## DATA SEGMENT

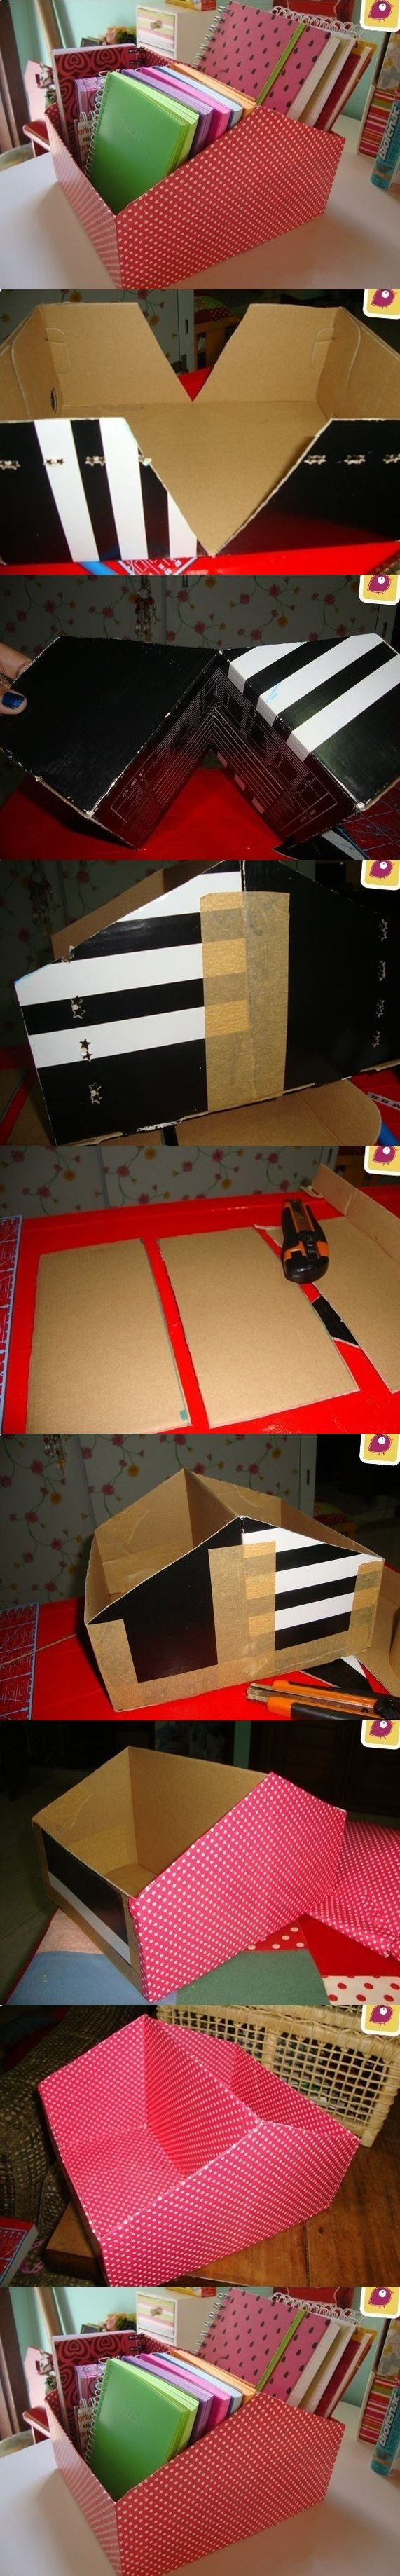 Tutorial de organizador com caixa de papelão , super fácil ;)                                                                                                                                                                                 Mais
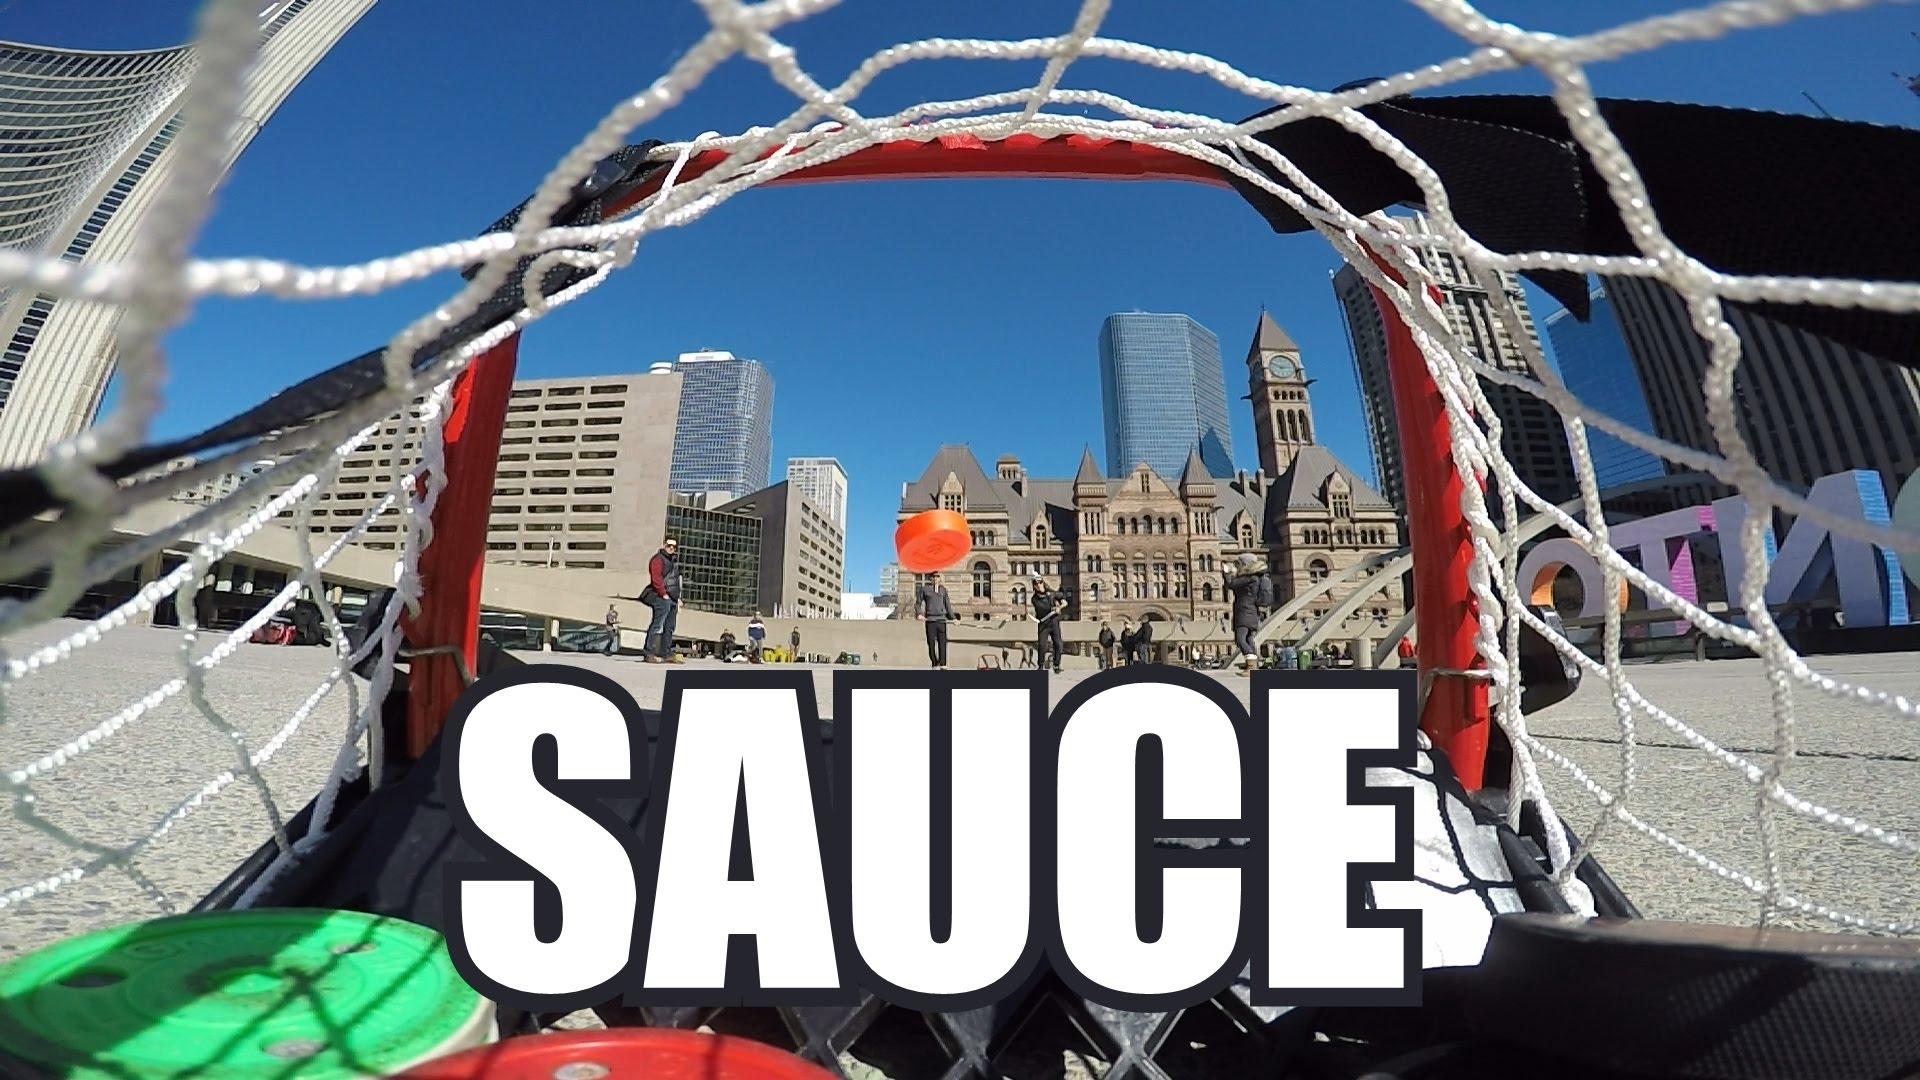 Stay Saucey Toronto
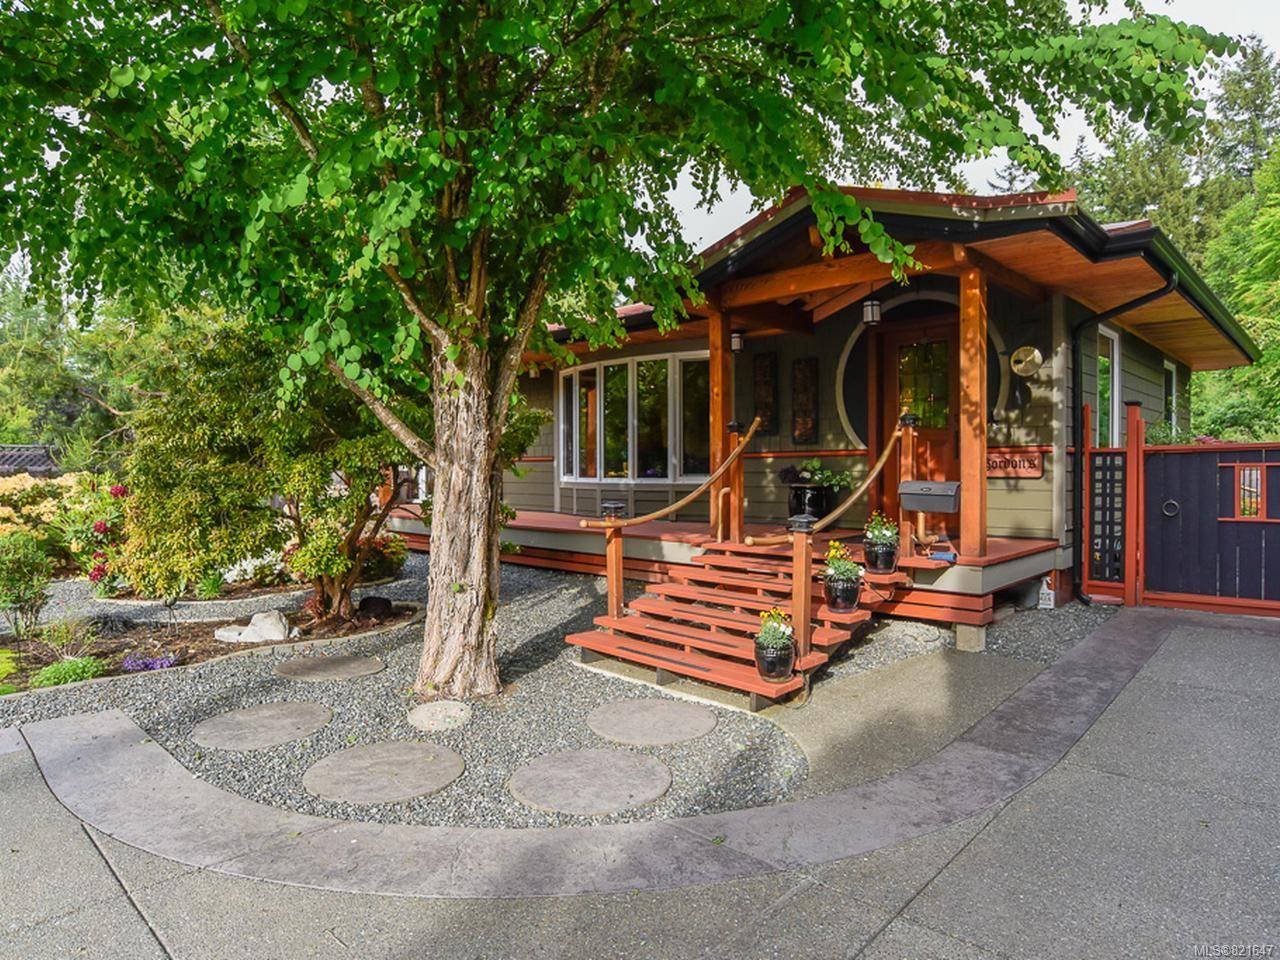 Main Photo: 330 MCLEOD STREET in COMOX: CV Comox (Town of) House for sale (Comox Valley)  : MLS®# 821647
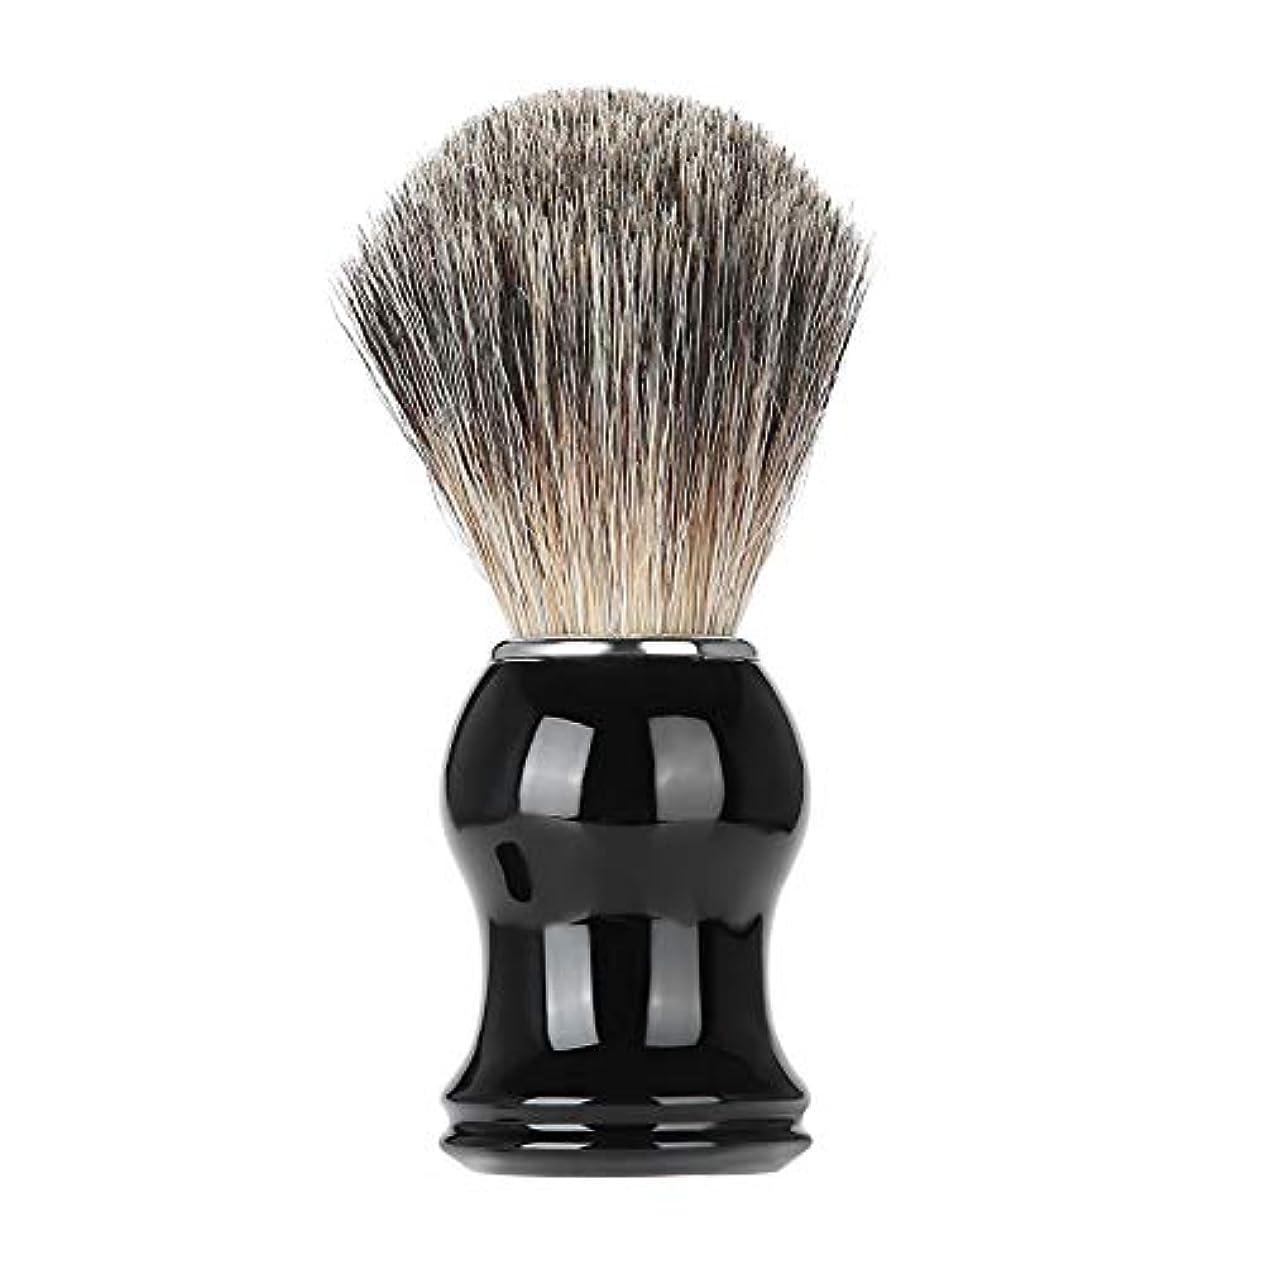 誘導割り当て果てしないシェービングブラシ男性髭口ひげ剃毛ブラシ樹脂ハンドル髭剃りツール

## PROBLEM
What you return should be only the lines from the line with "Stay Saucey Toronto" through the last line of the listing above, exactly, both ends included, pictures excluded.

## RESULT
 Stay Saucey Toronto
 Main Photo: 330 MCLEOD STREET in COMOX: CV Comox (Town of) House for sale (Comox Valley)  : MLS®# 821647
 誘導割り当て果てしないシェービングブラシ男性髭口ひげ剃毛ブラシ樹脂ハンドル髭剃りツール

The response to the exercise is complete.